■ PROVIDED MATERIAL ■
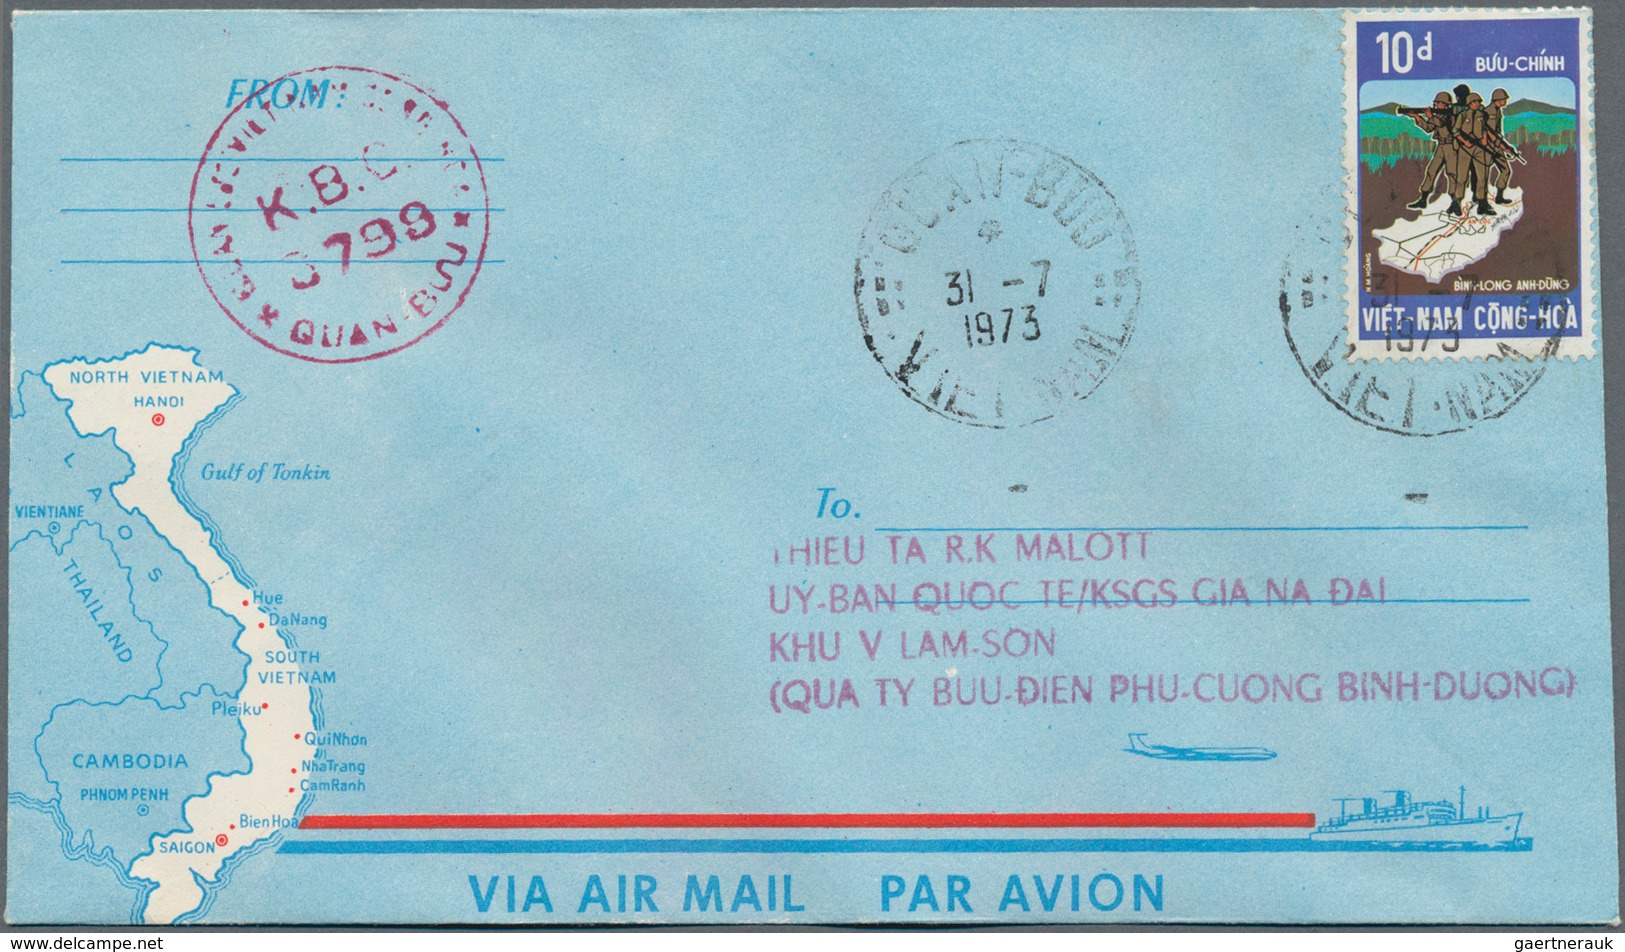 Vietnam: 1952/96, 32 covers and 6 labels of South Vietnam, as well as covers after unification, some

...

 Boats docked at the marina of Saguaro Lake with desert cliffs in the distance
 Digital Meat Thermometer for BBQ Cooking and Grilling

■ TASK TO CARRY OUT ■
Set down again, word for word, the stretch of records from the line with "Boats docked at" to the line with "Digital Meat Thermometer", both of those lines included.

■ SOLUTION TO THE EXERCISE ■
 Boats docked at the marina of Saguaro Lake with desert cliffs in the distance
 Digital Meat Thermometer for BBQ Cooking and Grilling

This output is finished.